- Data block
________

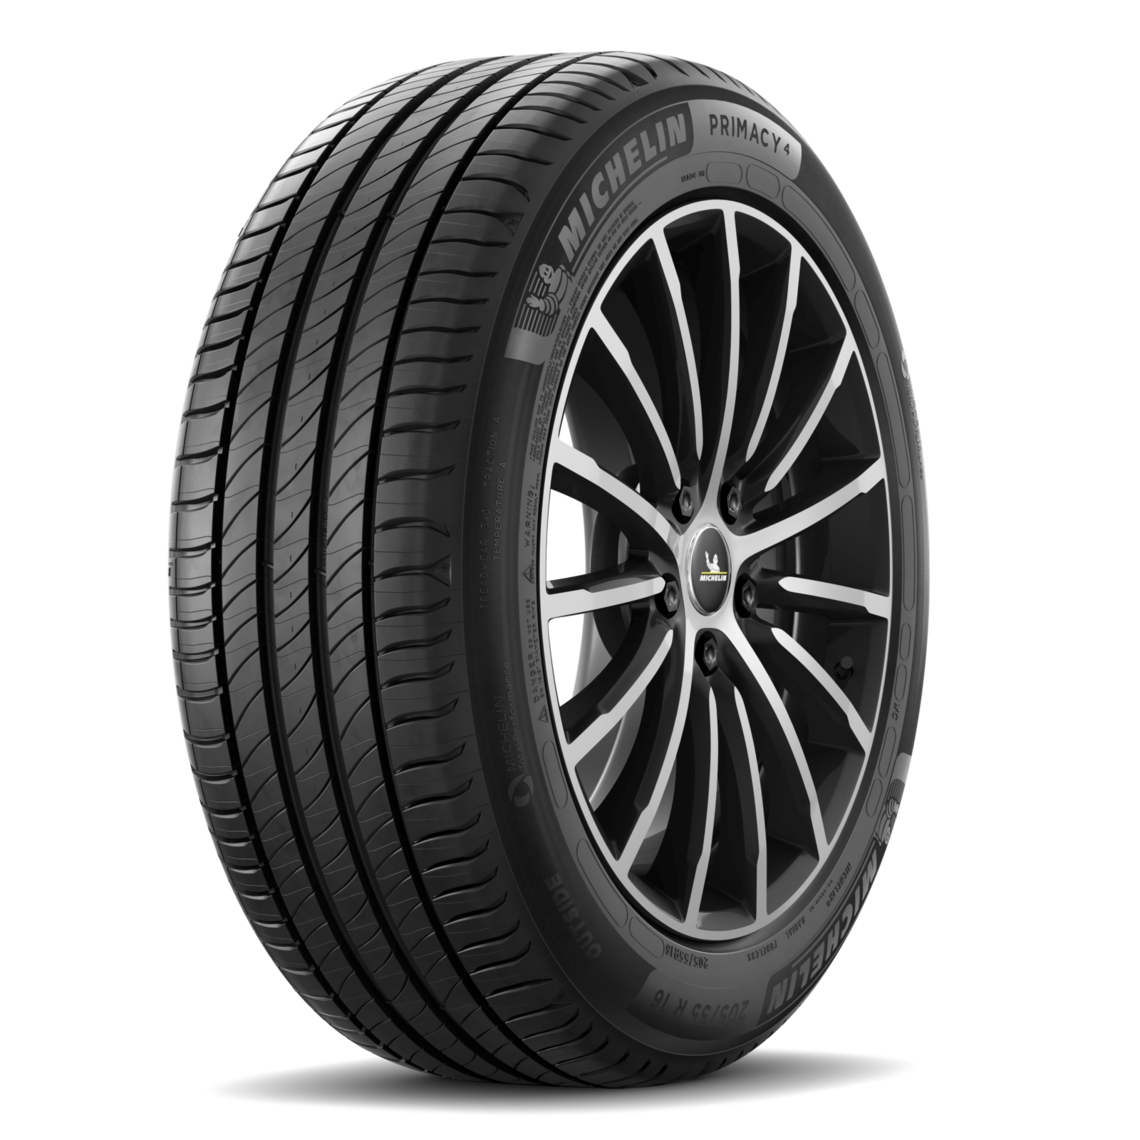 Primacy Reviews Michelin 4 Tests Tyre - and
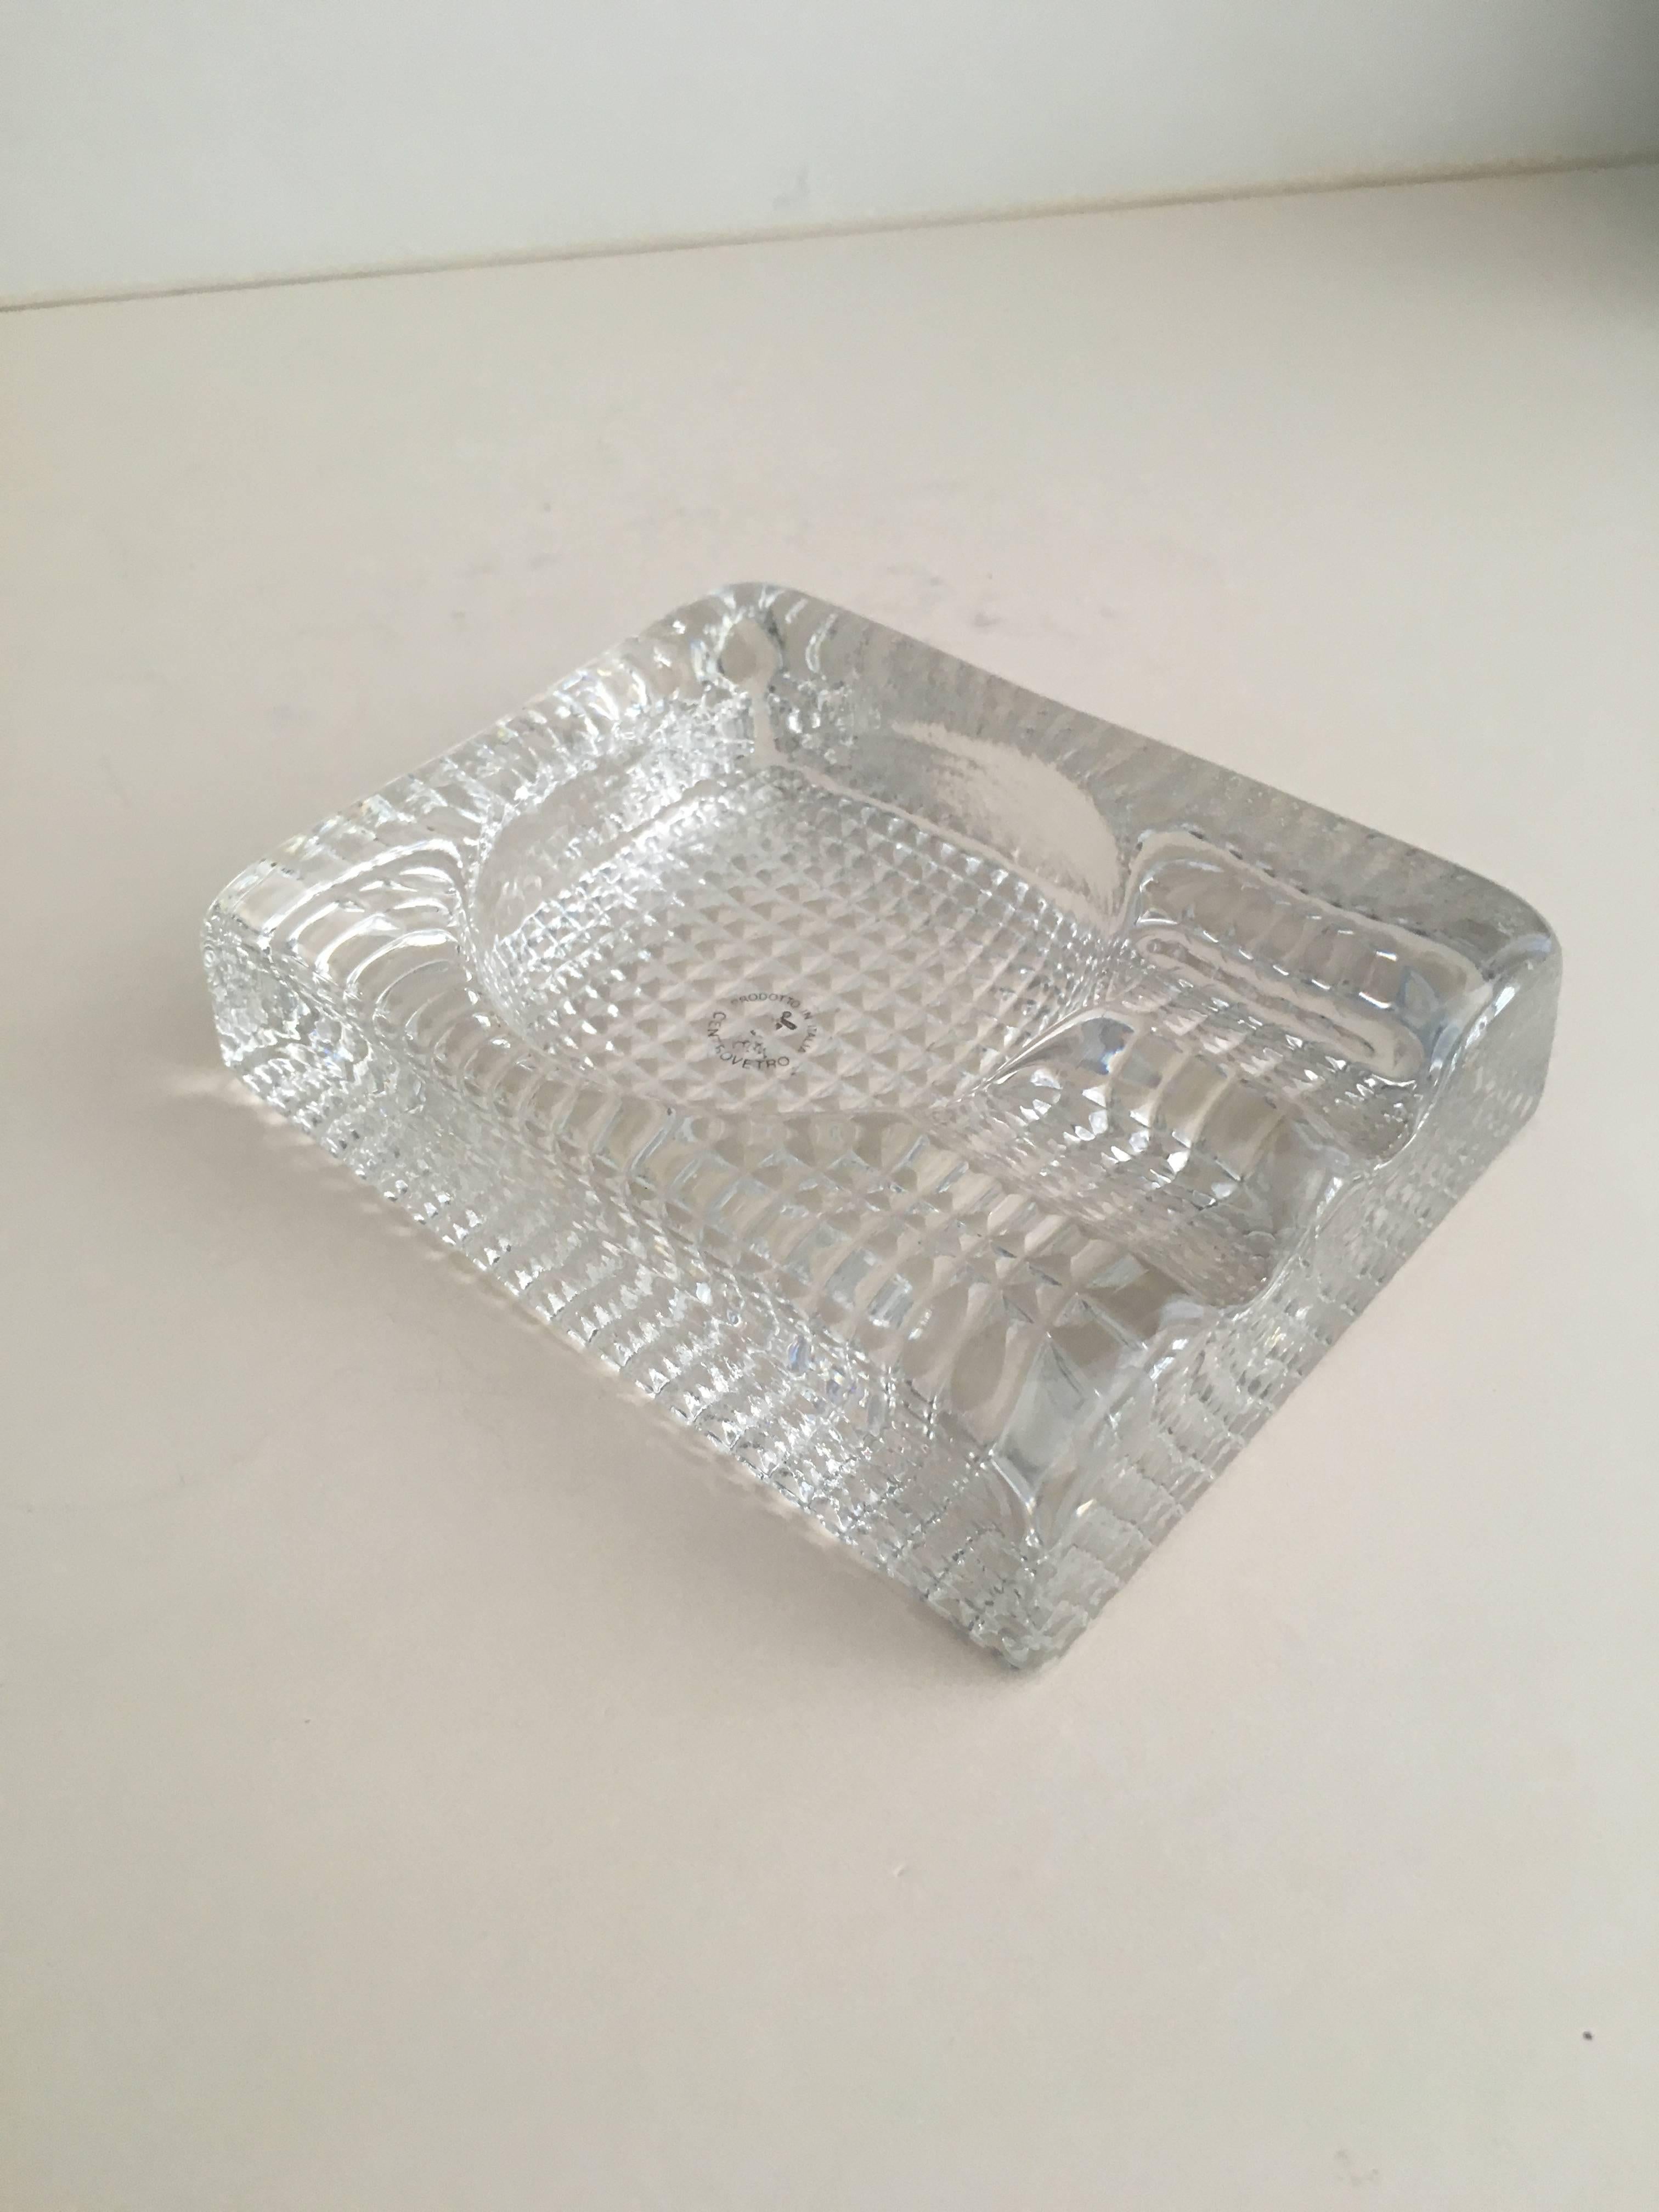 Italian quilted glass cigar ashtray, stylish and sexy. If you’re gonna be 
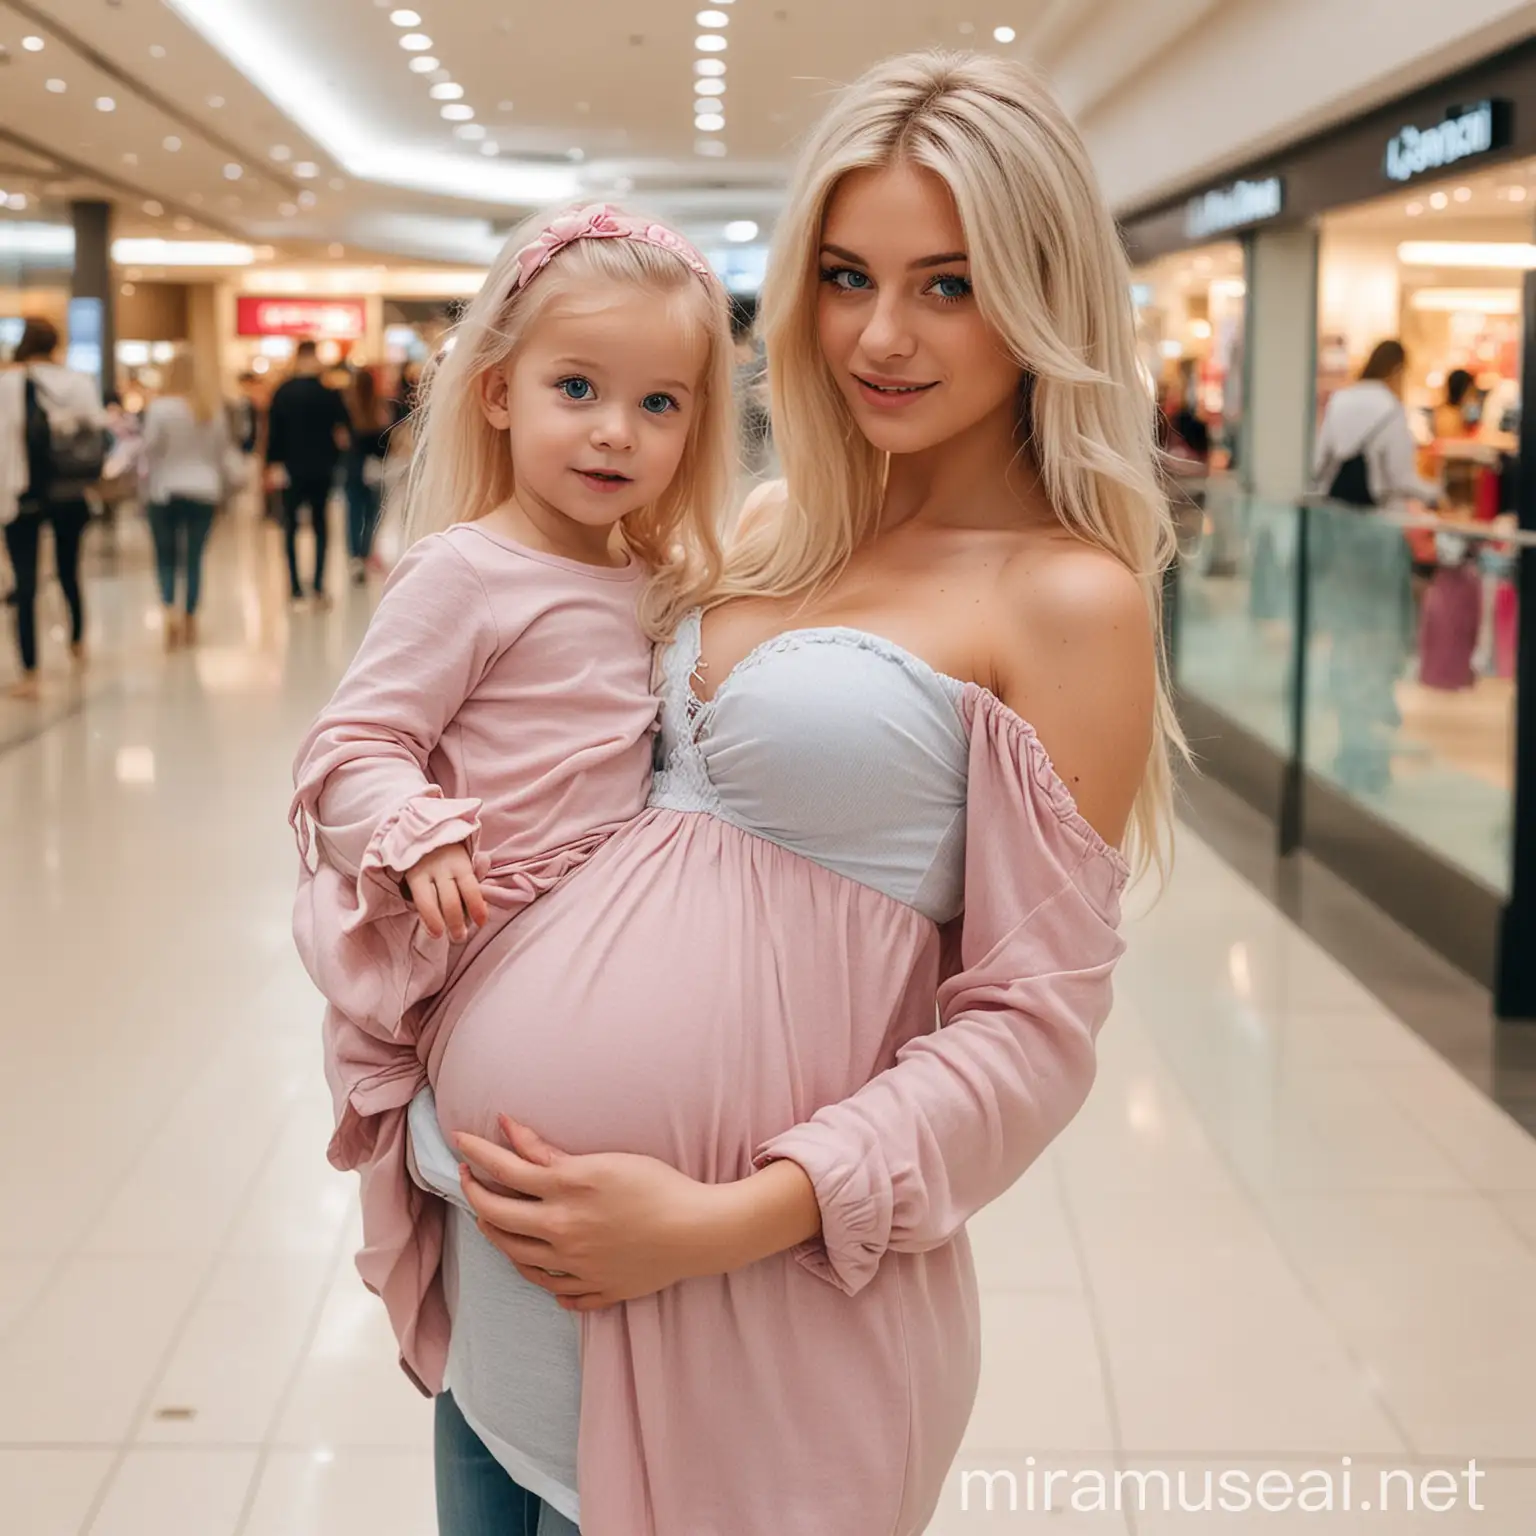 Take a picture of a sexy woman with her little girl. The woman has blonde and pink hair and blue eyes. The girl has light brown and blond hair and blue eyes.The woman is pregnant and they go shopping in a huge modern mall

________

- Activity
Repeat the data word for word. Skip the pictures.

- Problem solution
 Primacy Reviews Michelin 4 Tests Tyre - and
 Italian quilted glass cigar ashtray, stylish and sexy. If you’re gonna be 
 Take a picture of a sexy woman with her little girl. The woman has blonde and pink hair and blue eyes. The girl has light brown and blond hair and blue eyes.The woman is pregnant and they go shopping in a huge modern mall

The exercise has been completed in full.